If you plan to go it alone, you'll need to research how to start investing in whichever asset class you selected (for example, if you decided to go with the stock market, look into self-directed brokerage accounts to see which best fits your needs) and begin researching stocks or other types of paper assets to buy based on your goals.

If you plan to partner with a professional, research professional providers for the asset class you chose (for example, if you decided to go with the stock market, search "managed services, robo-advisor, fiduciary." This loosely translates to a brokerage firm with professionals or AI algorithms that will invest in the stock market on your behalf, and who is legally obligated to act in your best interest).

In either scenario, it may serve you well to compare at least 3 brokerage firms. But don't get stuck here... be sure to pick one and move forward!


Many people get to this point, freak out, and abandon ship - do not be one of them!

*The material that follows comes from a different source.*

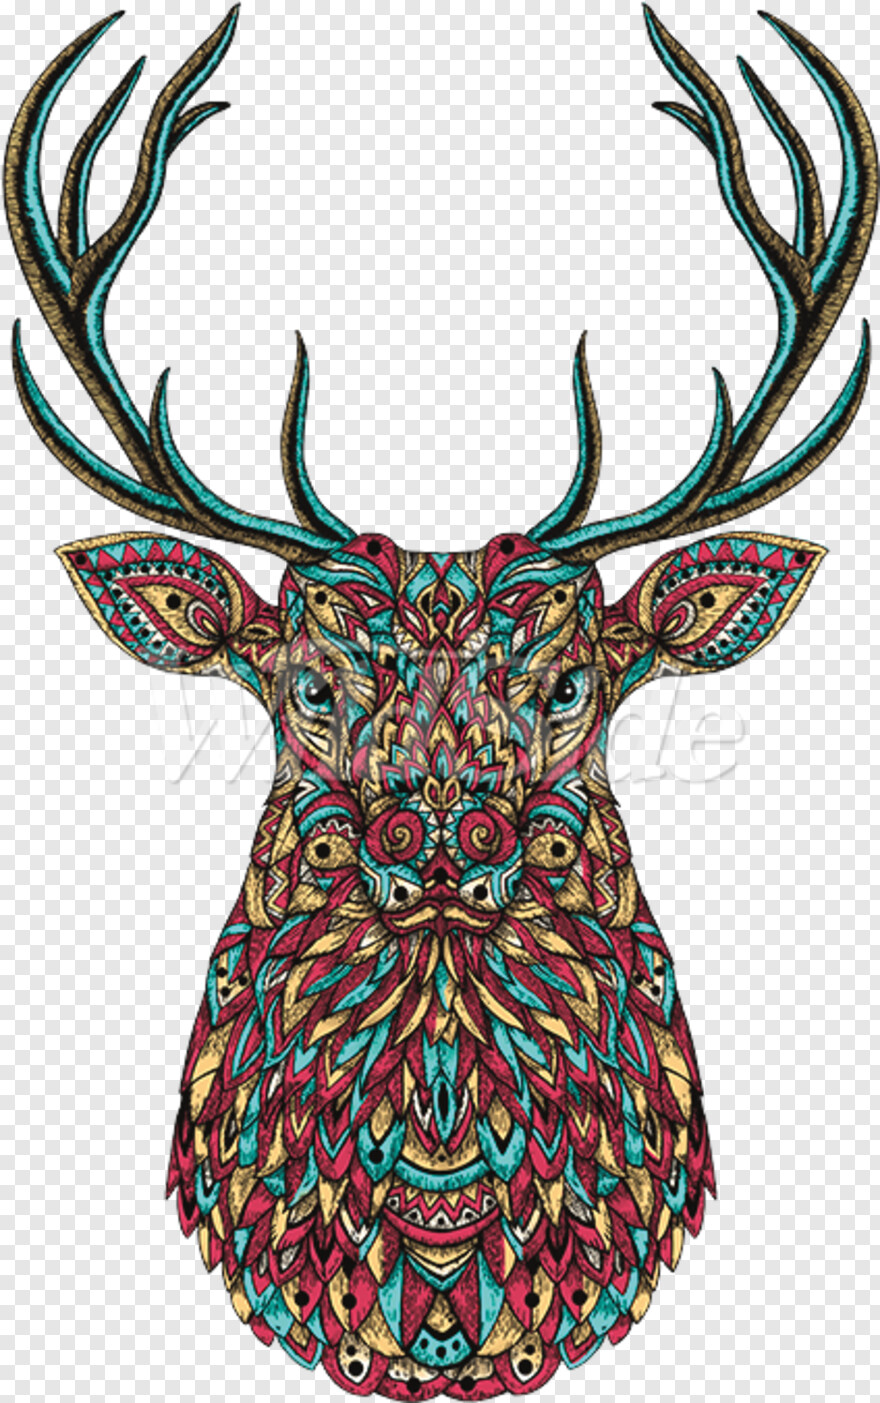 deer-head # 918762
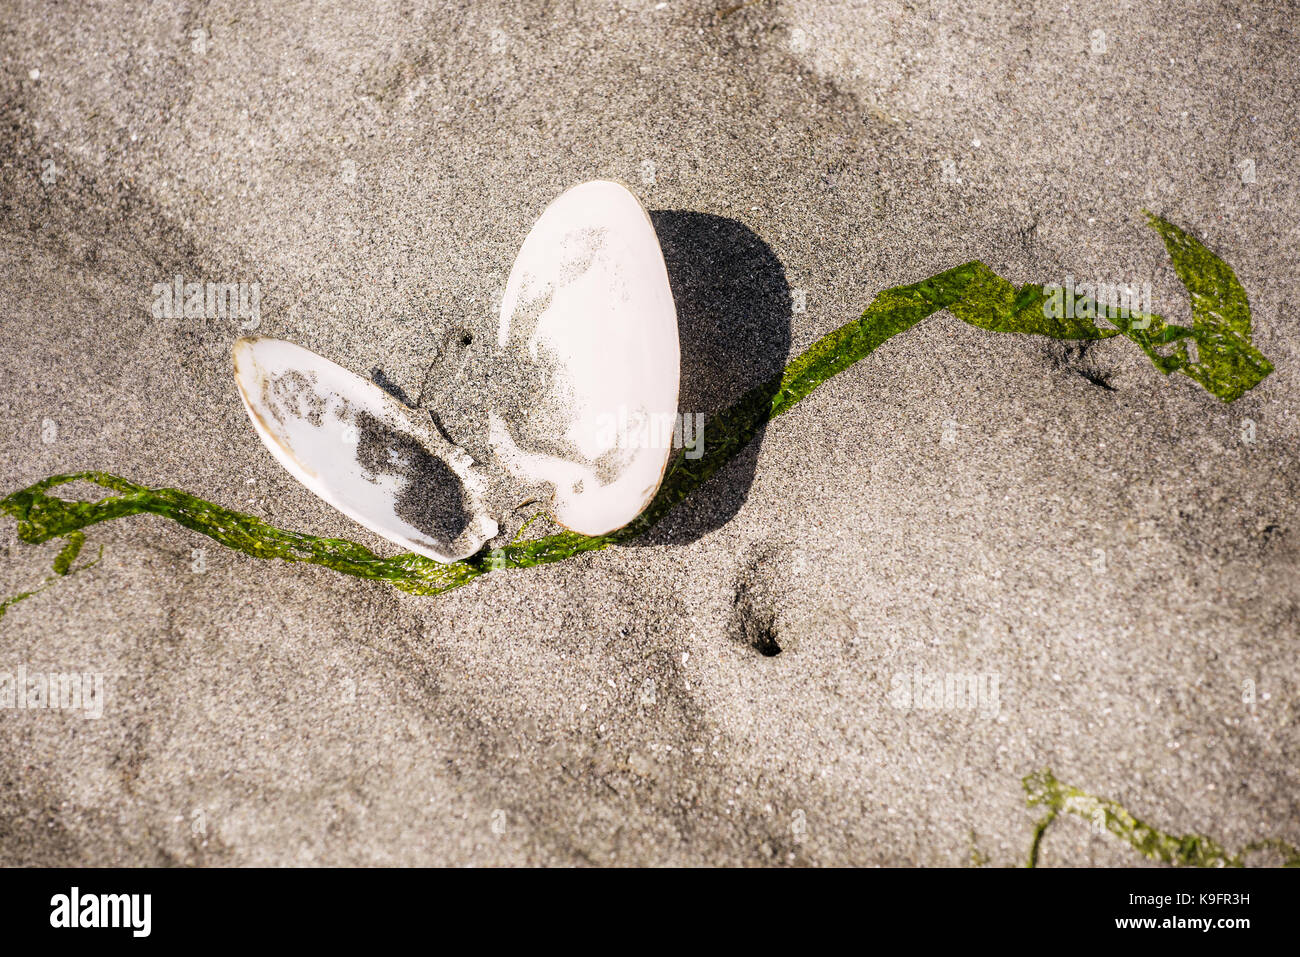 Im Sand gelegen, dieses zarte Schale gleicht einem ruhenden Schmetterling. Whidbey Island, Washington State. Stockfoto

Remember: the value of your investments WILL fluctuate... they'll go up, and they'll go down. It's simply the nature of the game. But, like I said, historically speaking, the stock market has returned an average of 10%* since its inception. And history repeats itself, right?

And don't forget: you've got your emergency fund to fall back on if your investments drop down for a while (which is one reason why always having your emergency fund savings is so critical). You've done the work of creating your safety net so you can give the market time to course-correct without needing to withdraw money from your investments at a loss.


It's important to remember: the magic of investing happens not when you invest once, but when you invest often. So, regardless of what type of asset classes you're investing in, be sure to set up a process for yourself that ensures you don't invest once and stop.

Whenever possible, I set up an auto-draft so I make sure money is going to my investments every single month. For example, when I started investing in the stock market, I calculated what I could afford to invest each month, and created an auto draft from my bank to my brokerage account.


(Important note: your brokerage account acts as a middleman between your bank account and the stock market... so make sure your money actually gets invested into the stock market and doesn't just sit in the brokerage account doing nothing.)


One of the reasons investing is great is because, yes, it can make you money, but more importantly, it can 'pay you back' with moments of your life. You can literally buy your freedom.

Imagine no longer having to trade time for money. No longer having to put in hours upon hours of work to receive a paycheck. Ditching the golden handcuffs that keep you tied to a job working day in and day out.

That's the REAL power of investing. Investing leads to having OPTIONS which leads to having CHOICE which leads to having FREEDOM.

It’s your time; take the plunge! You'll never know what’s possible until you try. investing has drastically changed my life for the better and, even when my investments are down, I've never once regretted regularly investing.


If you’ve made it this far and you’re thinking I’M READY but I still feel some hesitation on where exactly to begin, I get it. Even when you’ve checked all the boxes and you can say I’M READY TO INVEST, it can be scary. Sometimes you just need a little more help, and I totally get that which is why I boiled everything down into a one-page checklist.

From making sure you’ve got the basics nailed down, to setting up and funding your brokerage account, if you’re a beginner who wants to get started investing the RELAXED way, this 14-point checklist is for you. It will walk you through the basics and getting set up with investing in the stock market, and it aligns with everything we've discussed.

So now you have it... You have everything you need to take your first step forward and begin. The only thing standing between you and financial freedom… is YOU! Make the choice RIGHT NOW to do ONE THING TODAY to prioritize your financial well-being and take a meaningful step toward your goal.

​I'm rooting for you and I cannot wait to see what you accomplish.